All animal experiments were approved by the Institutional Animal Care and Use Committee at Yale University in accordance with the United States Public Health Service’s Policy on Humane Care and Use of Laboratory Animals. Twelve-week old male C576BL/6 J mice (23–30 g) mice were purchased from the Jackson Laboratory (Bar Harbor, Maine, US). The experiments were designed to first assess the T1 mapping technique for tracking GS transport of Gd-DOTA in Ketamine/Xylazine (KX) anesthetized mice in comparison to KX anesthetized control mice receiving 0.9% NaCl (KX + saline) into CSF. Isoflurane (ISO) has previously been shown to reduce GS transport in mice when compared to KX anesthetized mice22. Therefore, to further test and validate the T1 mapping approach for GS transport we also implemented groups of mice anesthetized with ISO (ISO + Gd − DOTA) and control mice anesthetized with ISO receiving CS saline) to test the hypothesis that T1 mapping can track decreases in solute GS transport induced by ISO in comparison to KX. Finally, in a separate series of KX and ISO anesthetized mice intracranial pressure was measured during the two different anesthetic regimens.

Anesthesia

All mice were induced with 3–4% isoflurane. After loss of the righting reflex, KX-anesthesia mice received an intraperitoneal (IP) injection of KX mixture: (ketamine 17.5 mg/ml and xylazine 2.5 mg/ml, 0.1 ml/20 g body weight) with glycopyrrolate (0.2 mg/kg IP).
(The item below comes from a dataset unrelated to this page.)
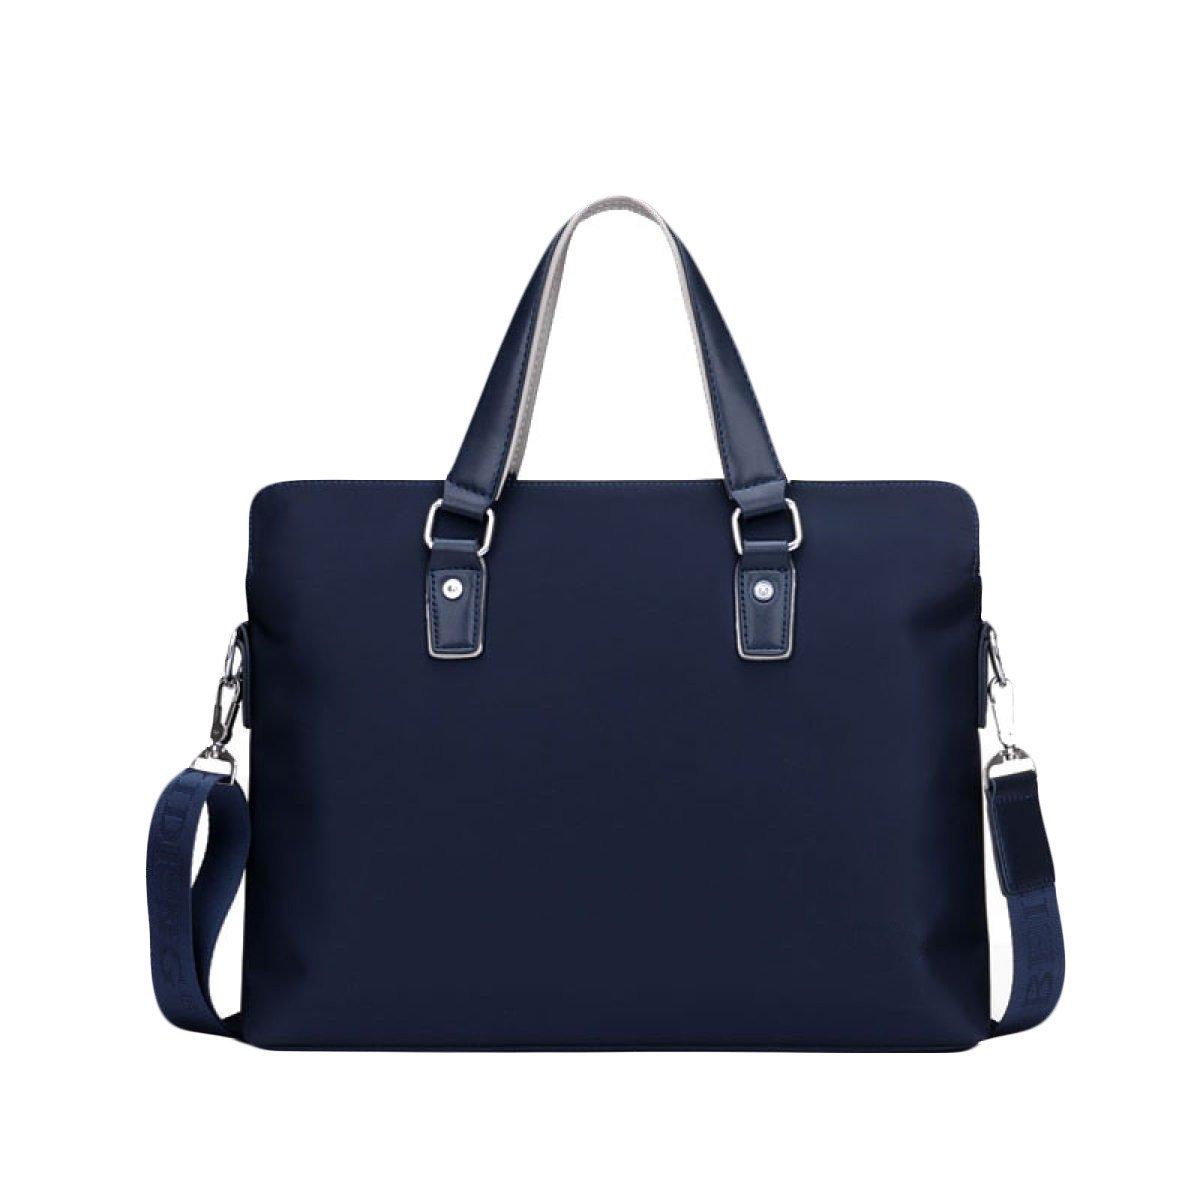 Bag Canvas Schultertasche Aktentasche Bag Casual Querschnitt

KX anesthesia was maintained with KX (0.05 ml of the KX-mixture/20 g body weight) administered every 30 min via an IP catheter; and supplemented with 1:1 air:O2 mixture. ISO-anesthetized mice received glycopyrrolate (0.2 mg/kg IP) and anesthesia was maintained with 2–2.5% isoflurane (ISO) delivered in a 1:1 air:O2 mixture. All mice were allowed to breathe spontaneously. Physiological parameters including respiratory rate, body temperature, and heart rate were continuously monitored using MRI compatible monitors (SA Instruments, Inc., Stony Brook, NY). Body temperature was maintained between 36.5 ~ 37.5 °C by a heating pad.
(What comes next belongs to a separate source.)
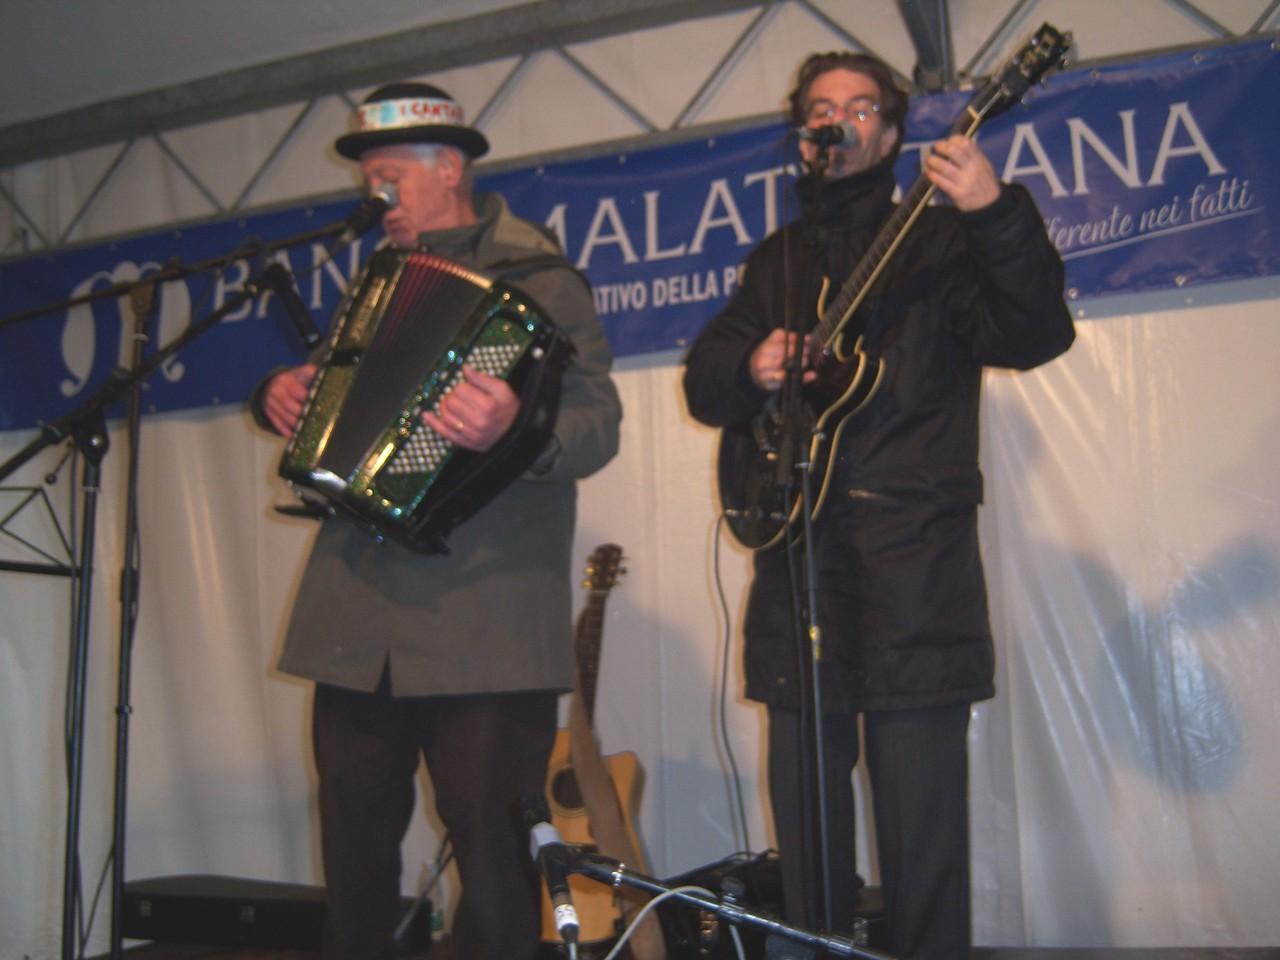 Giuliano Piazza e Federico Berti cantastorie emiliani

Infusion of Gd-DOTA or saline into the CM

The anesthetized mice were positioned in a stereotaxic frame and their neck slightly flexed with care to not compromise the airway and spontaneous breathing pattern. Through a midline incision, the atlanto-occipital membrane was exposed and a 34-ga shortened needle (Hamilton, US) connected via polyurethane tubing to a 50 µl Hamilton syringe (Hamilton, US) mounted in a micro-infusion pump (Legato 130, KD Scientific, Holliston, MA, USA) was inserted into the CM. Previous studies reporting on tracer delivery for GS transport studies in mice via the CM have used infusion rates of 0.1–2 µl/min for a total volume of 5–10 µl22,37,38,39,40. In this study we infused 7 µl of Gd-DOTA (Guerbet LLC, Princeton, NJ, US) prepared as a 1:20 dilution in sterile 0.9% NaCl or 7 µl of sterile 0.9% NaCl at an infusion rate of 1 µl/min. After the infusion, the needle was left in place for 2-min, after which it was removed, and the dura sealed with cyanoacrylate glue. Collectively, anesthesia, CM exposure and Gd-DOTA infusion required ~ 30 min.
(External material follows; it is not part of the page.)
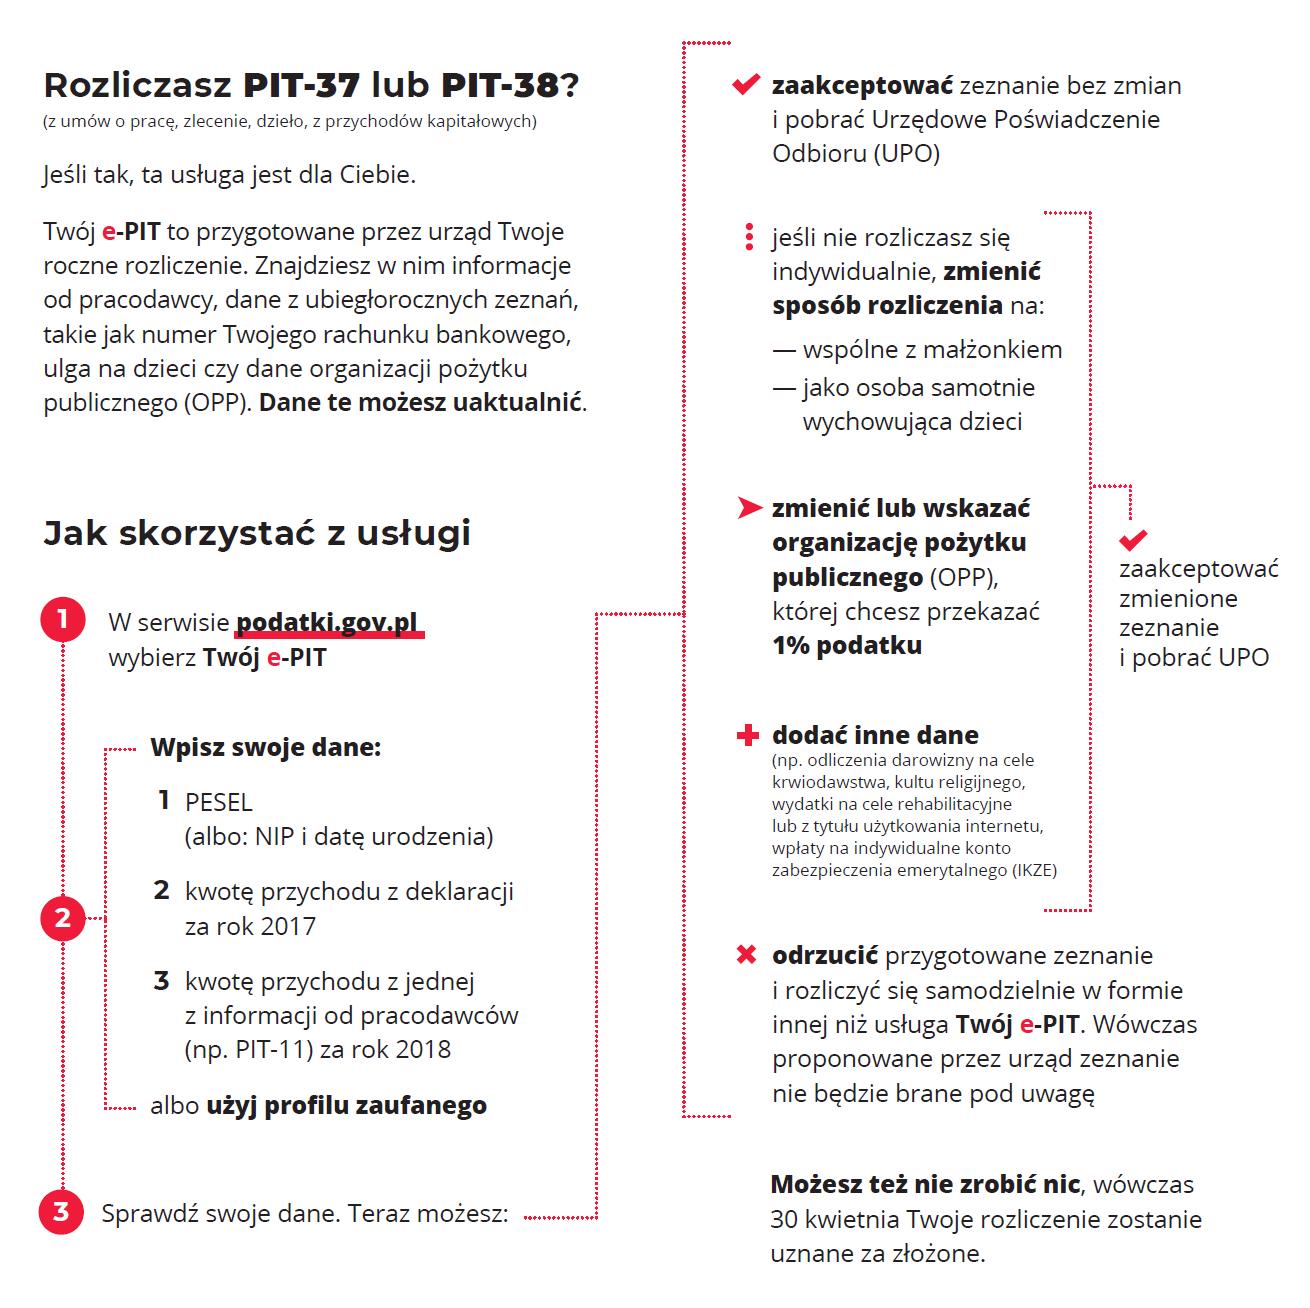 Rozliczasz PIT-37 lub PIT-38? (z umów o pracę, zlecenie, dzieło, z przychodów kapitałowych)Jeśli tak, ta usługa jest dla Ciebie.Twój e-PIT to przygotowane przez urząd Twoje roczne rozliczenie. Znajdziesz w nim informacje od pracodawcy, dane z ubiegłorocznych zeznań, takie jak numer Twojego rachunku bankowego, ulga na dzieci czy dane organizacji pożytku publicznego (OPP). Dane te możesz uaktualnić.

Dissection and histology of cervical submandibular lymph nodes

KX anesthetized mice received CSF Gd-DOTA (N = 3) or CSF saline (N = 3). After ~ 1 h of CSF circulation the submandibular cervical lymph nodes (smLN) were dissected and positioned in an Eppendorf tube containing 1% agar. Following MRI, the smLN were drop fixed in 10% neutral buffered formalin overnight at 4 °C in preparation for histology. The lymph nodes were then washed briefly in PBS and transferred to 70% ethanol before being paraffin embedded. Sections were cut (5 µm) using a microtome, mounted and stained with hematoxylin/eosin. 20X images were captured using the Keyence BZ-X700 microscope system. C57BL/6 mice (N = 3) were anaesthetized by ketamine/xylazine injection i.p., and then received 5 μl of 1% Evans blue (Sigma-Aldrich) into the cisterna magna. Thirty minutes after injection, anesthetized mice underwent dissection for assessment of Evans blue content at the level of the deep cervical lymph nodes (dcLN). After location of the blue-colored dcLN, a small fiduciary marker (1 mm PE tubing) was placed next to the node and the mouse underwent MRI scanning (see below) for anatomical landmarking of the dcLN and surrounding structures.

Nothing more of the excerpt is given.